How Do I Obtain a Power of Attorney (POA) in Florida?

In Florida, power of attorney allows an individual to appoint an agent – a legal representative – to act on their behalf.

A durable power of attorney (DPOA) can play a crucial role in asset transactions. In contrast, the medical power of attorney can give a trusted agent the right to make health care decisions for the principal while the latter cannot do so.

Please read on to learn more about obtaining power of attorney in Florida and why you should do it.

Who Qualifies to Be an Agent with Power of Attorney?

According to Florida law, any capable legal adult can function as an agent with power of attorney. The most important thing is to appoint someone you trust as your agent. Keep in mind that POA gives an agent exclusive, full authority to carry out your prearranged wishes in vital, sometimes life-or-death, matters. You should never name someone as power of attorney just because you know them or they are your only option.
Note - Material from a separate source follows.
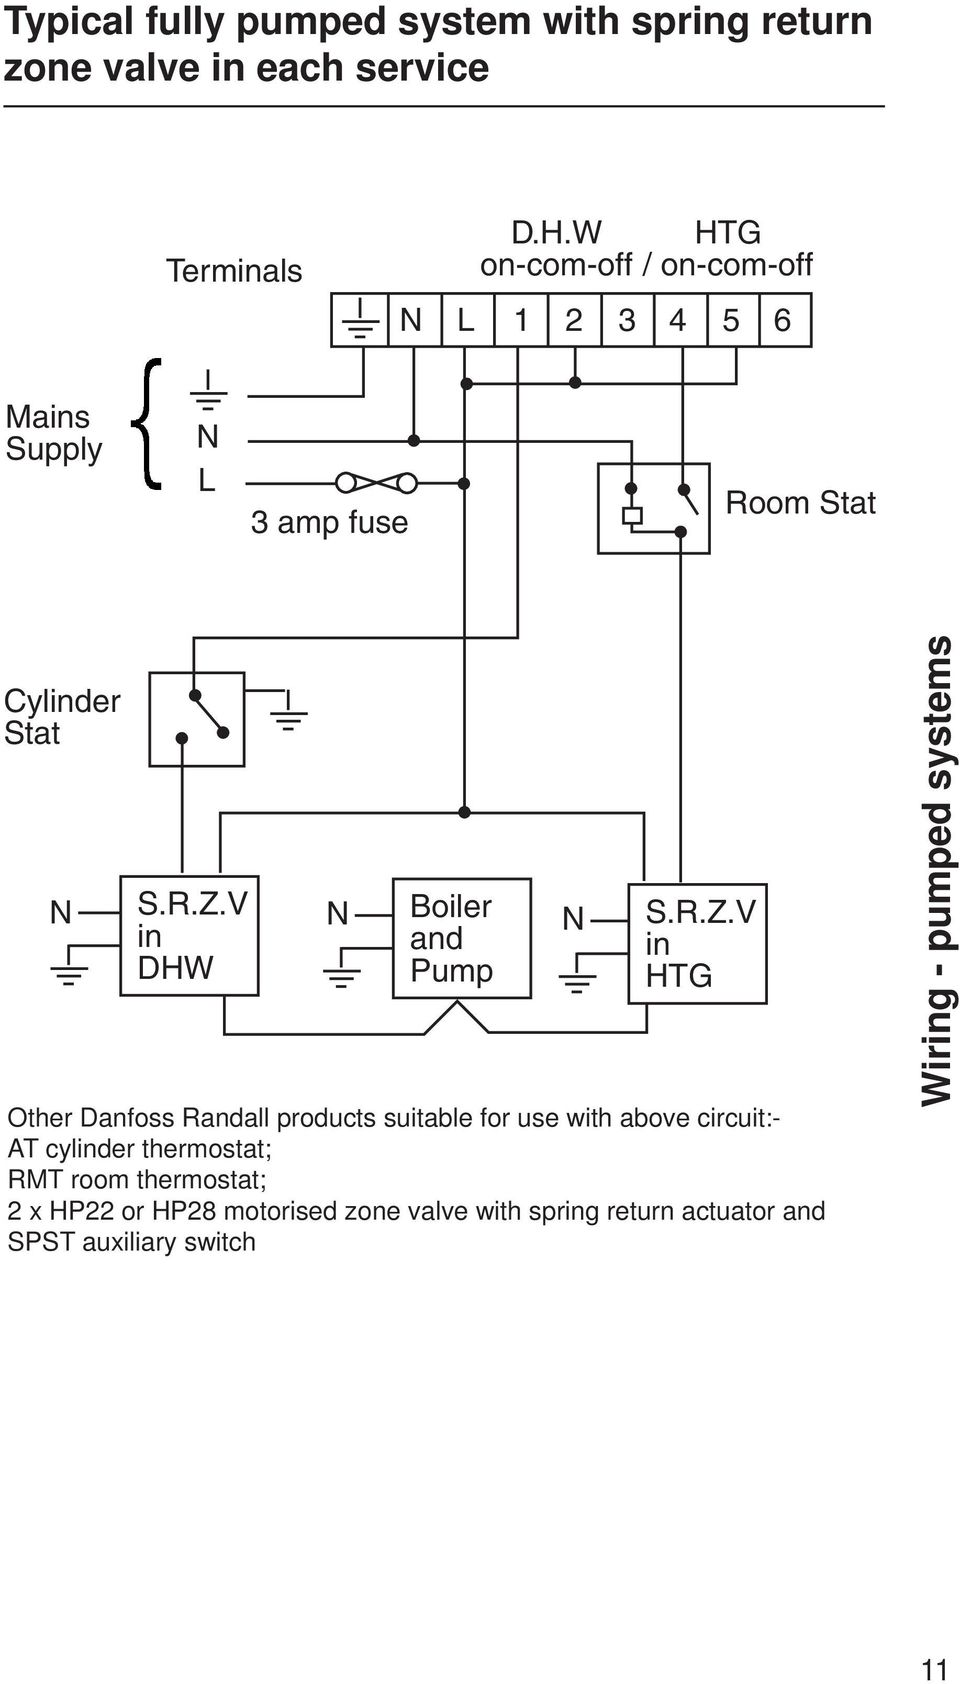 medium resolution of danfoss randall ltd dual cylinder thermostat wiring diagram set3m electro mechanical 24 programmer

There are alternatives!

The Duties of an Agent with POA in Florida

The principal and agent have a fiduciary relationship, which means that the agent must act in the principal’s best interests and within the scope of authority the specific POA grants him or her (such as signing a contract, selling property, or making health care decisions in the principal’s name). The agent must make an appropriate effort to fulfill the principal’s reasonable expectations.
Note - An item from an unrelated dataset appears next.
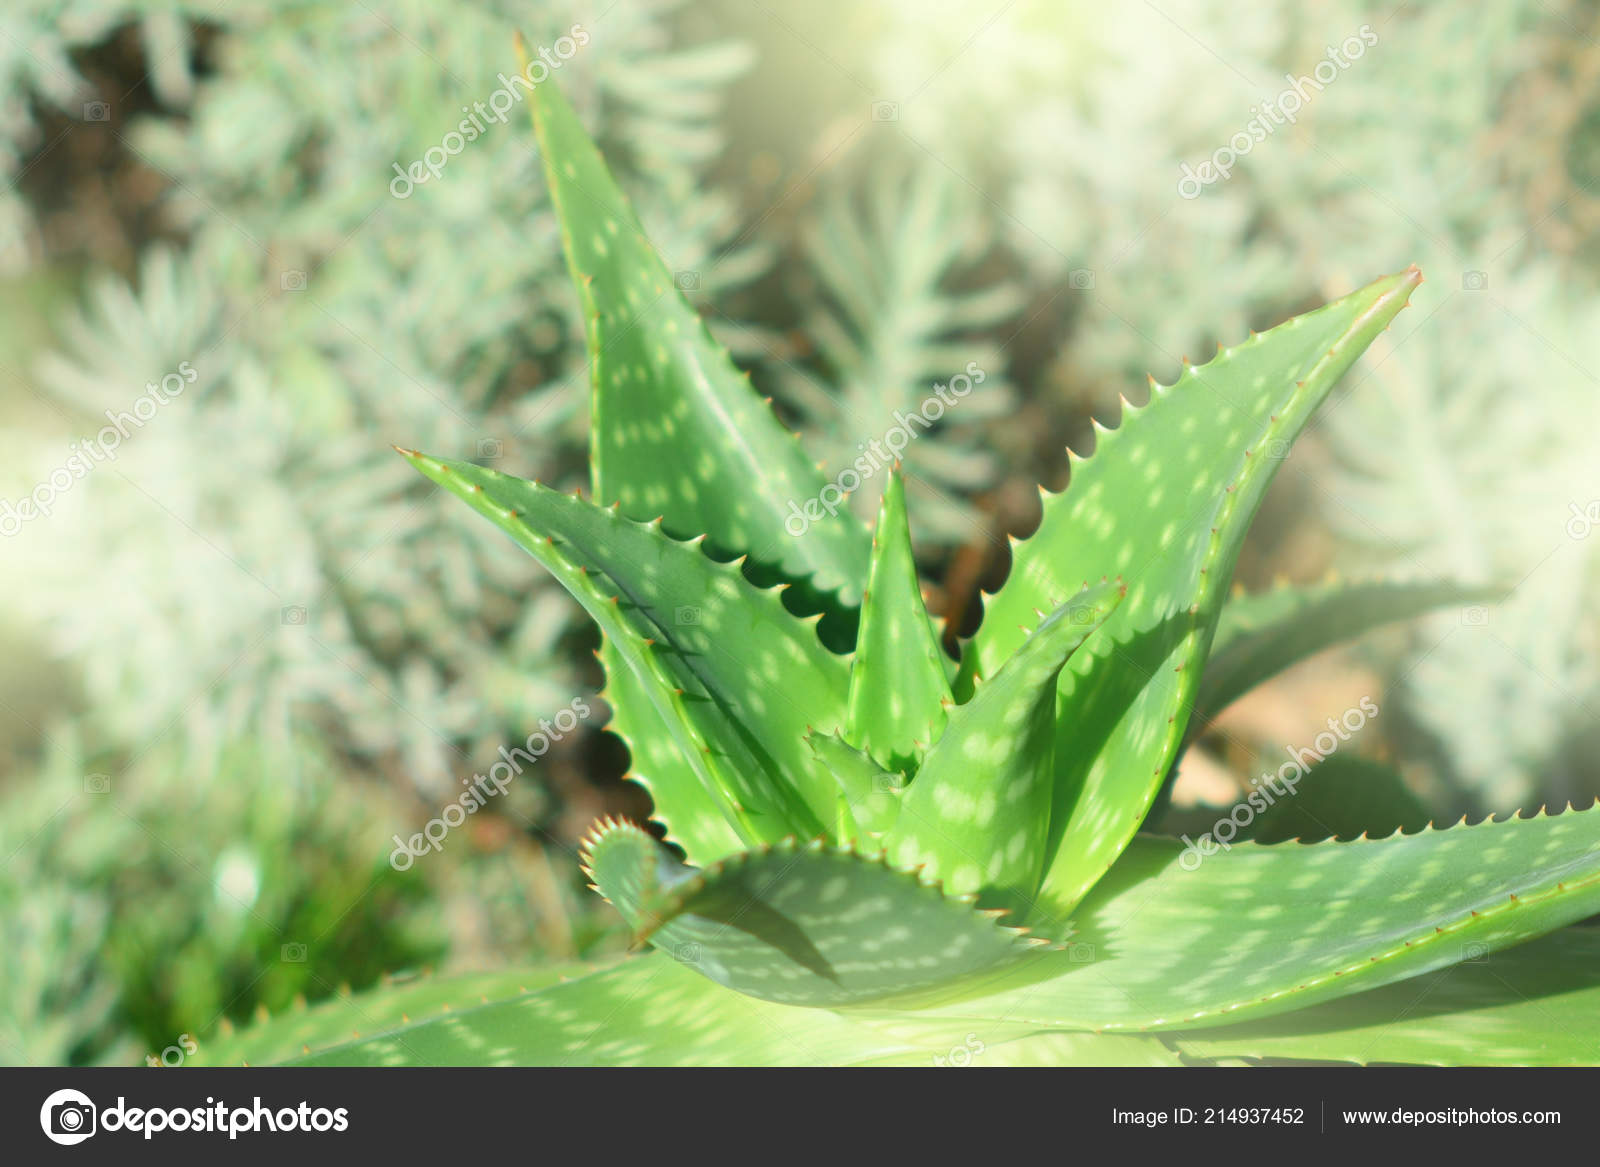 Aloe Vera Plant Natural Healthy Ingredient Stock Photo C Charmoment 214937452

If an agent acts against the principal’s best interests or oversteps the bounds of POA, he or she may be liable to the principal or the principal’s successors. If an agent is unsure about their authorization to perform a specific act under the POA, he or she should consult a lawyer.

What an Agent with POA Cannot Do

Although a POA document can give an agent broad authority, there are a few actions an agent cannot perform on behalf of the principal. These include voting in a public election, creating or revoking a will, or acting in place of the principal as a trustee, guardian, or conservator.
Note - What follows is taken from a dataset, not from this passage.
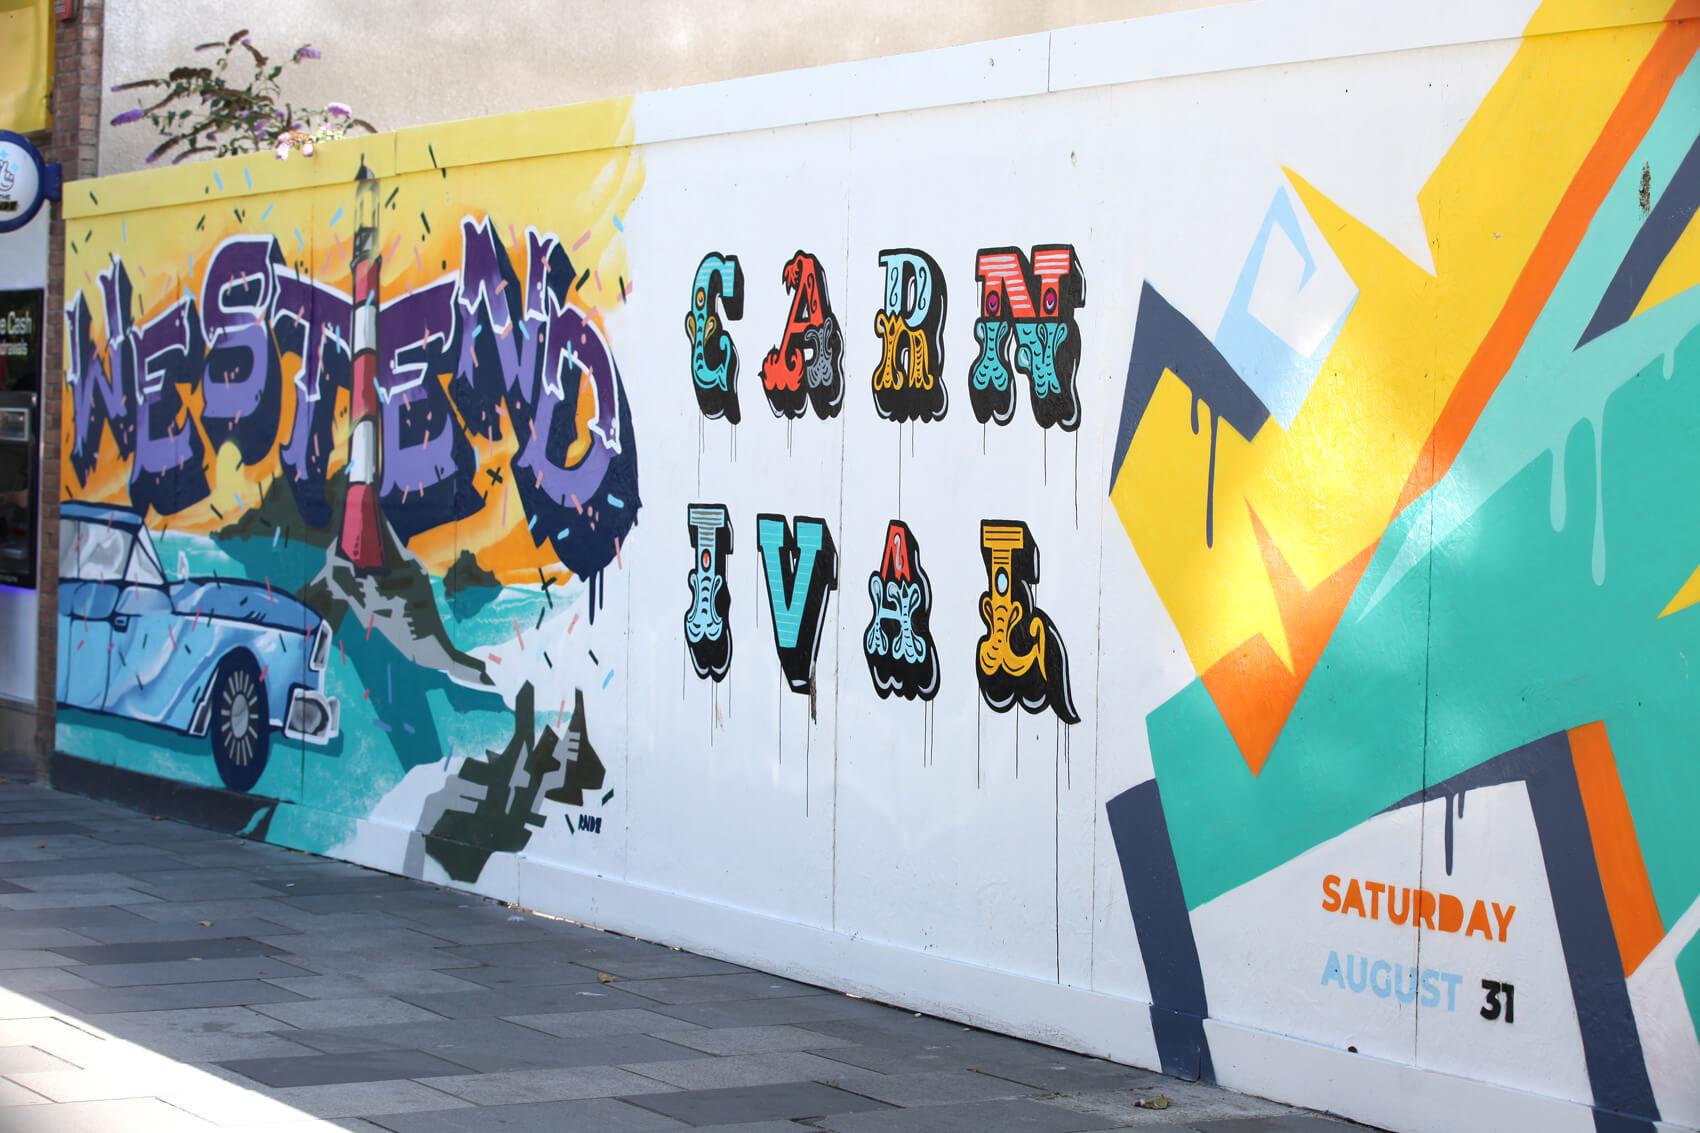 West End Art

How to Obtain POA in Florida

It is common for someone to think that they can “obtain a power of attorney” for someone who is incapacitated. The vital thing to know is that this cannot be done. Under Florida law, a power of attorney requires that the person making it have the mental capacity to understand what he or she is signing. It also requires the principal’s signature and two witnesses aged 18 or older, and it must be notarized.

While you want to encourage aging parents to have a plan in place, you should minimize your involvement in putting the plan together. It is common for the validity of a document to be challenged, especially if there are feuding family members or someone is beginning to show signs of mental decline. If you are trying to obtain a POA for someone who has the capacity, we recommend that you take a hands-off approach with the person you want to sign the document. You can talk to them about its importance and why it is necessary, but you should never encourage someone to make you the agent.

If the principal is no longer legally able to sign a POA document, the only remaining option is a guardianship arrangement. We cannot overemphasize the importance of a well-thought-out and well-maintained estate plan. Failing to prepare a plan or failing to keep it current can potentially result in thousands of dollars in legal fees, as well as certain aspects of your private affairs being made public.

Power of Attorney Types

Several POA types exist in Florida, including:

Medical Power of Attorney

Medical POA, otherwise known as a designation of health care surrogate, specifies an agent responsible for handling the principal’s healthcare decisions according to the latter’s previously stated wishes. This is the “who” portion of your estate plan regarding your medical decisions. Simultaneous to signing this document, we also recommend signing a living will, which is the “what” portion of your medical decisions. The living will states your wishes if you are terminally ill, have an end-stage condition, or are in a persistent vegetative state.

Durable Power of Attorney

A durable POA enables an agent to make any financial and medical decisions on the principal’s behalf. Unlike other POA types, a durable POA agreement holds even if the principal becomes incapacitated (due to progressive dementia, for instance).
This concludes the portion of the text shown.